AX — Axos Financial, Inc.

NYSE


Q3 2026 Earnings Call Summary

April 30, 2026

Axos Bank Q3 2026 Earnings Call Summary

1. Key Financial Results and Metrics

  • Net Income: $124.7 million, up 18.5% year-over-year from $105.2 million.
  • Diluted EPS: $2.15, an increase of 18.7% from $1.81 in Q3 2025.
  • Net Interest Income: Grew by 11.2% year-over-year, with a linked quarter increase of $5.7 million, excluding FDIC-purchased loans.
  • Net Interest Margin: 4.57%, down from 4.94% in the prior quarter, reflecting a decline in average loan yields.
  • Noninterest Income: $86 million, significantly up from $53 million in the prior quarter, driven by a $22 million legal settlement and increased mortgage banking income.
  • Loan Growth: Approximately $700 million linked quarter growth, with total originations of $5.1 billion.
  • Deposits: Ending balances at $22.4 billion, up 11.2% year-over-year.

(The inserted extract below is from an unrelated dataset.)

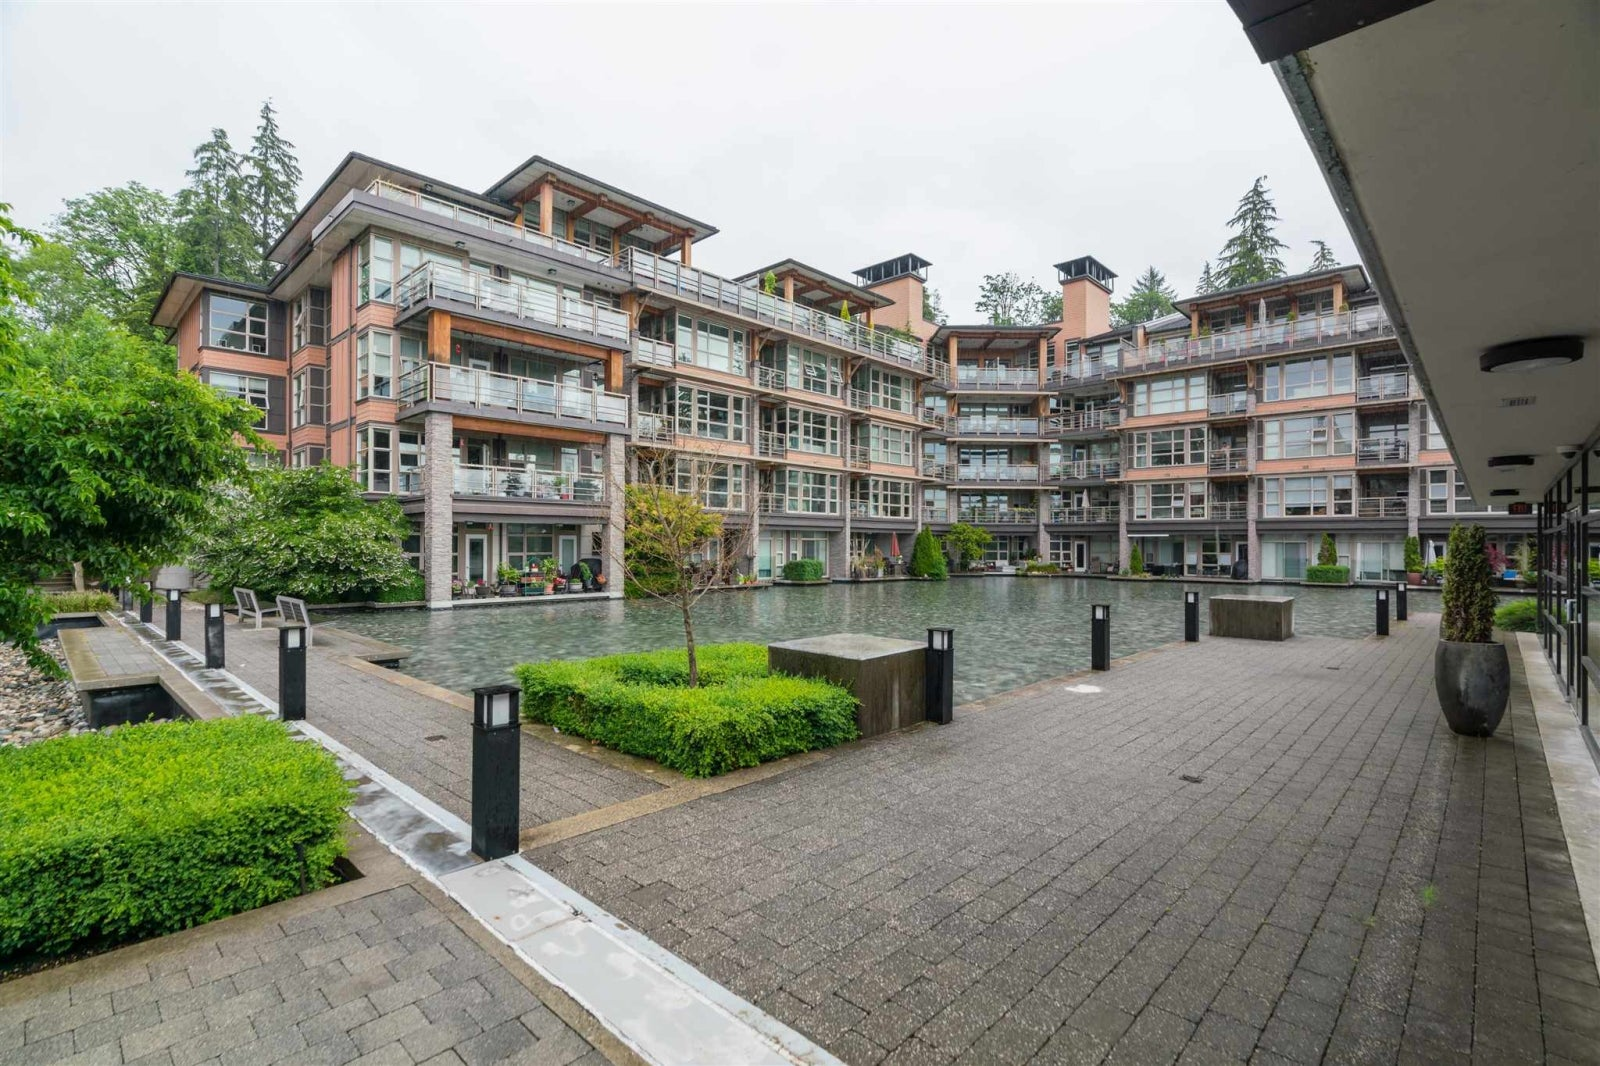 222 3602 ALDERCREST DRIVE - Roche Point Apartment/Condo for sale, 2 Bedrooms (R2603975) #1

2. Strategic Updates and Business Highlights

  • Acquisitions: Completed the acquisition of Jenius Bank's $2.3 billion in deposits, with a second acquisition of $3.2 billion in IRA savings and CDs from Capital One underway.
  • Operational Efficiency: Benefits from AI initiatives are being realized in reduced operational costs, particularly in salaries and benefits.
  • Verdant Performance: Contributed approximately $200 million in new loans and operating leases, with ongoing efforts to deepen relationships and expand growth.
  • Credit Quality: Remains strong with low charge-offs of 31 basis points, although there was a specific reserve increase related to a C&I loan.

3. Forward Guidance and Outlook

  • Loan Growth Expectation: Anticipated low to mid-teens annual loan growth, supported by a robust pipeline of approximately $2.6 billion.
  • Net Interest Margin Outlook: Expected to remain flat on an organic basis, with a slight impact from the amortization of the premium from acquired deposits.
  • M&A Strategy: Actively exploring opportunities across various sectors, including fintech and specialty finance, with a disciplined approach to integration.

4. Bad News, Challenges, or Points of Concern

  • Declining Net Interest Margin: The margin decreased due to lower average loan yields and the diminishing impact of FDIC-purchased loans.
  • Increased Provision for Credit Losses: Rose to $41 million from $25 million, primarily due to a specific reserve for a nonaccrual C&I loan.
  • Nonperforming Assets: Increased by $33 million in the C&I loan area, raising concerns about credit quality in that segment.
  • Market Volatility: The impact of market fluctuations on asset growth and client acquisition was noted, with some pressure on fee income.

5. Notable Q&A Insights

  • Balance Sheet Management: Management discussed strategic moves to increase securities holdings to optimize liquidity ahead of the Jenius acquisition.
  • Loan Growth Sustainability: New client acquisitions were highlighted as a key driver for capital call growth, with expectations for continued but moderated growth.
  • Competitive Landscape: Management expressed confidence in maintaining stable spreads despite competitive pressures, attributing it to a diversified loan portfolio.
  • Cross-Selling Opportunities: Potential for cross-selling securities products to new Capital One clients was identified, with a focus on expanding offerings to retirement accounts.

Overall, Axos Bank reported strong financial performance in Q3 2026, with significant growth in net income and deposits, while navigating challenges related to net interest margin and credit quality. The company remains focused on strategic acquisitions and operational efficiencies to support future growth.